MR-runner: a modularized map-reduce job management tool

  • Authors:
  • Xinsheng Yang;Wei Wang;Lijie Xu;Jie liu;Jun Wei

  • Affiliations:
  • Chinese Academy of Sciences, Beijing, P.R. China;Chinese Academy of Sciences, Beijing, P.R. China;Chinese Academy of Sciences, Beijing, P.R. China;Chinese Academy of Sciences, Beijing, P.R. China;Chinese Academy of Sciences, Beijing, P.R. China

  • Venue:
  • Proceedings of the 5th Asia-Pacific Symposium on Internetware
  • Year:
  • 2013

Quantified Score

Hi-index 0.00

Visualization

Abstract

Map-Reduce is a powerful solution for processing and analyzing large-scale data.
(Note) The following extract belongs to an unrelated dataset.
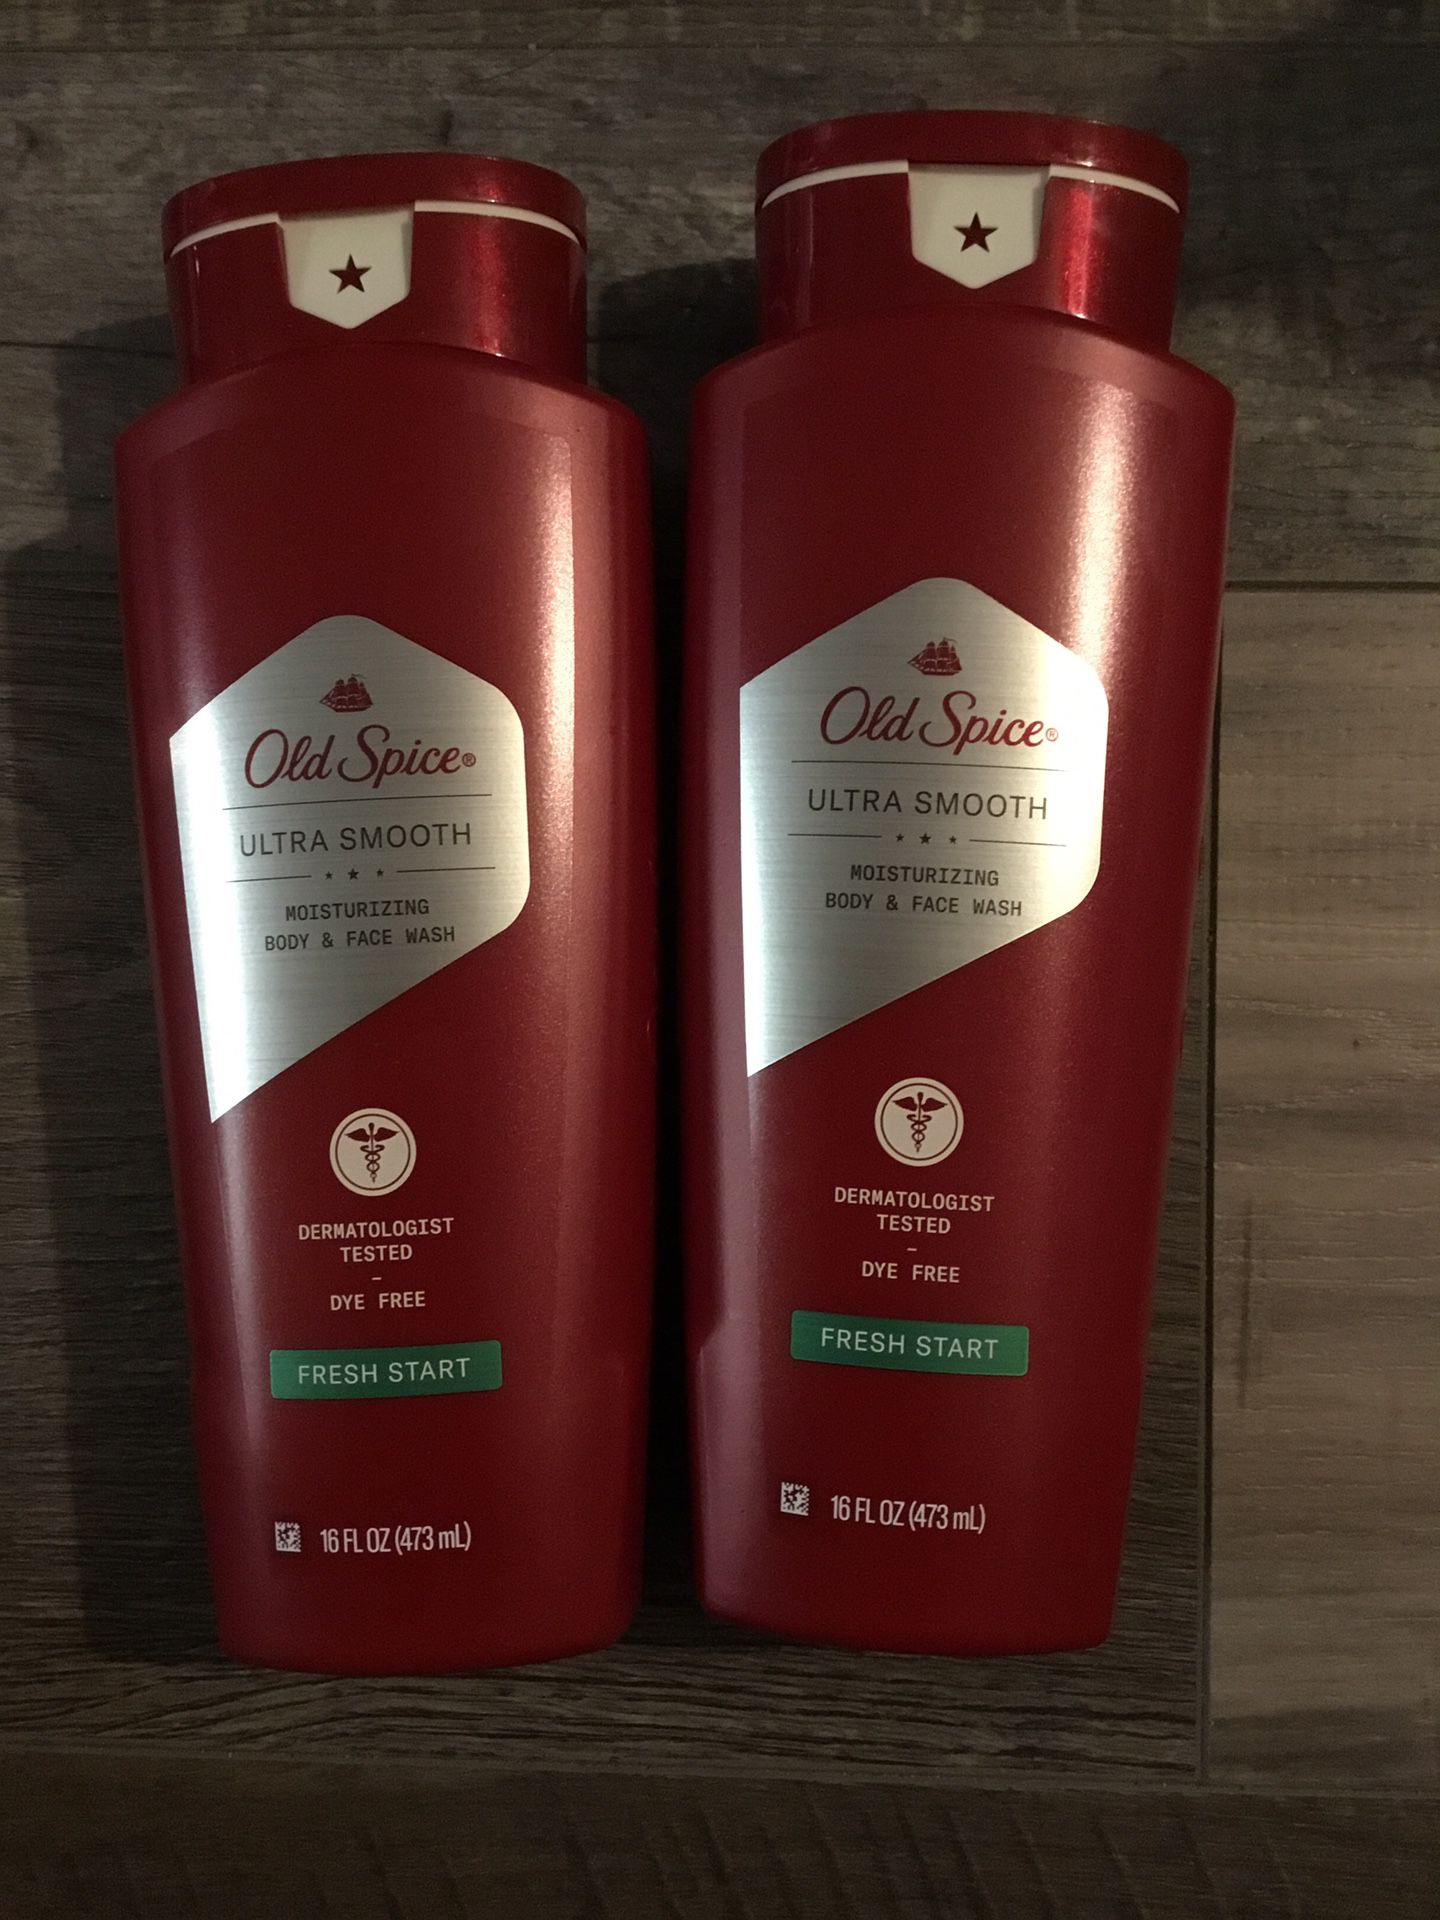 Old spice ultra smooth fresh start body & face wash $3.50 each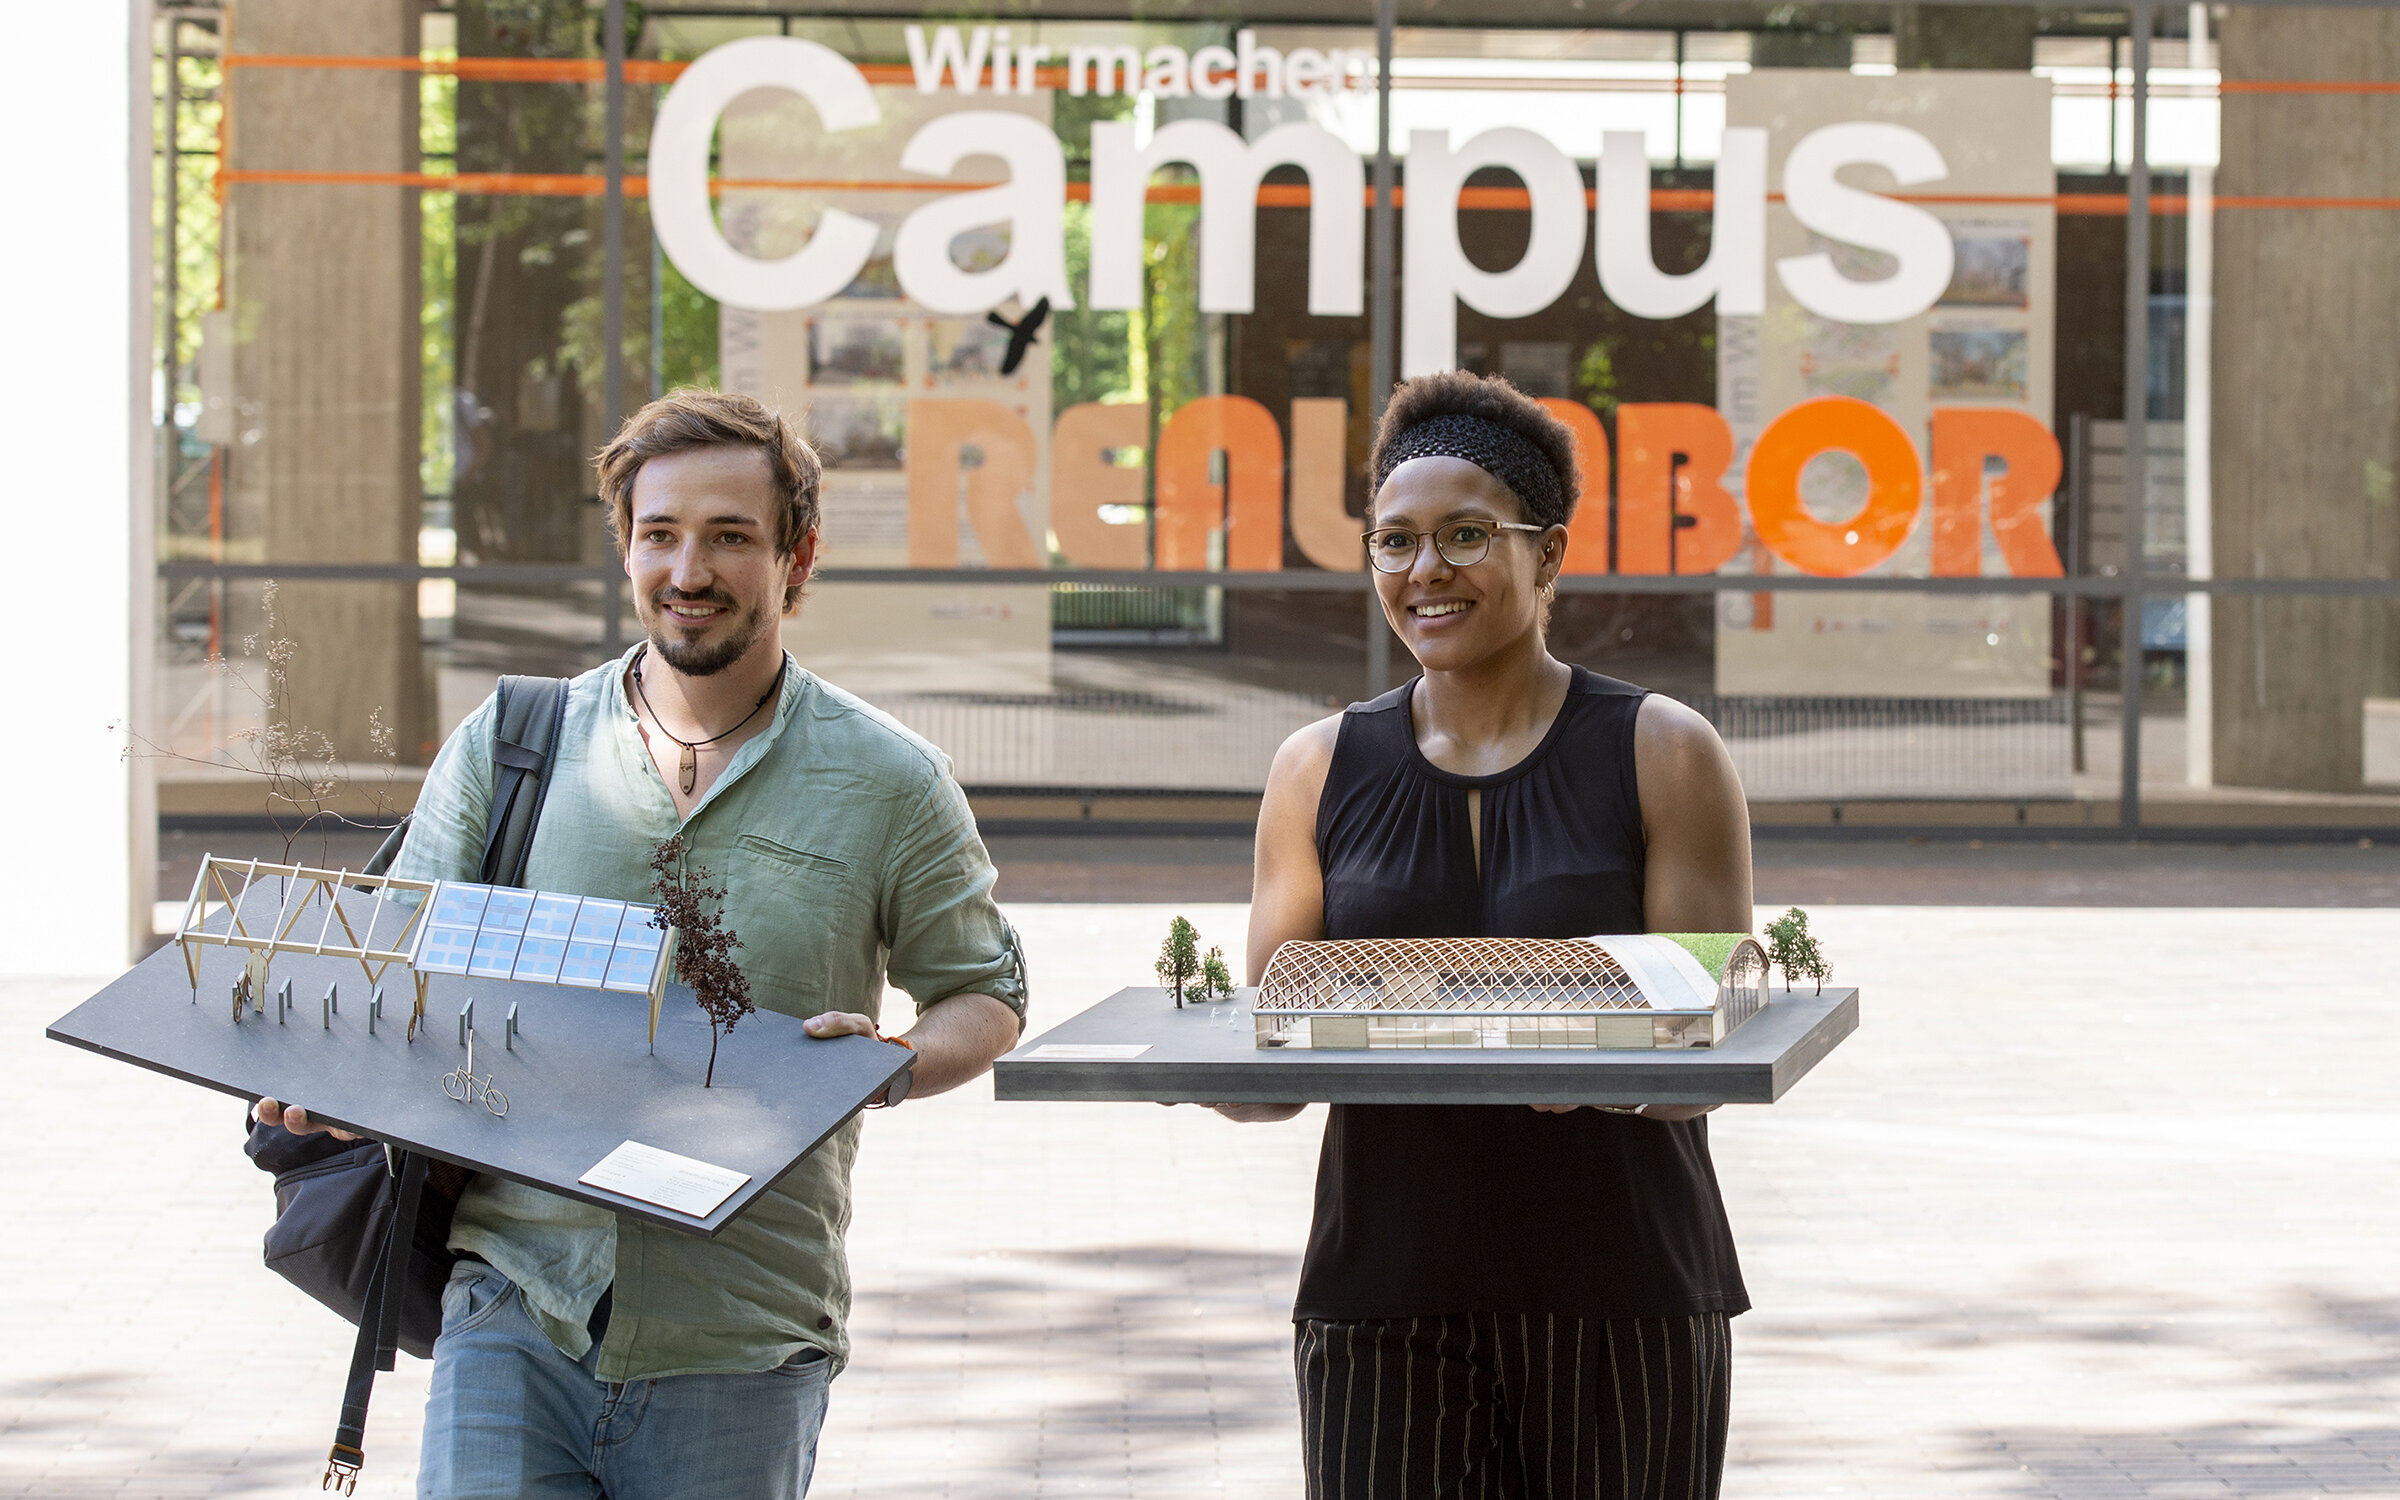 two students in front of the Civil Engineering building, carrying models of buildings

Just as Hadoop and Spark are able to deal with terabyte data and even more. Users only need to complete "map" and "reduce" function, the Map-Reduce framework can finish variety jobs. But many machine learning and data mining algorithms cannot leverage the Map-Reduce framework or it would take large efforts to modify the algorithm itself. This issue can be explained by the following ways: 1. Map-Reduce is a batch operation so that most of Map-Reduce frameworks do not built-in to support iteration. 2. Map-Reduce is absolutely parallel, each vertex cannot obtain all records, so none of them could get the global optimal model. In this paper, we proposed a job management tool to enable the Map-Reduce framework to support iteration, called "de-parallel". This make the Map-Reduce framework like Hadoop so that Map-Reduce could run more algorithms and support more various tasks. In addition, our tool does not modify the Map-Reduce framework itself. In face MR-Runner interacts with Map-Reduce framework like a "client", therefore MR-Runner could be deployed in any single PC instead of Map-Reduce cluster. We also abstract the mainly interface related to Map-Reduce frameworks, this makes our tool portable to the representative Map-Reduce frameworks.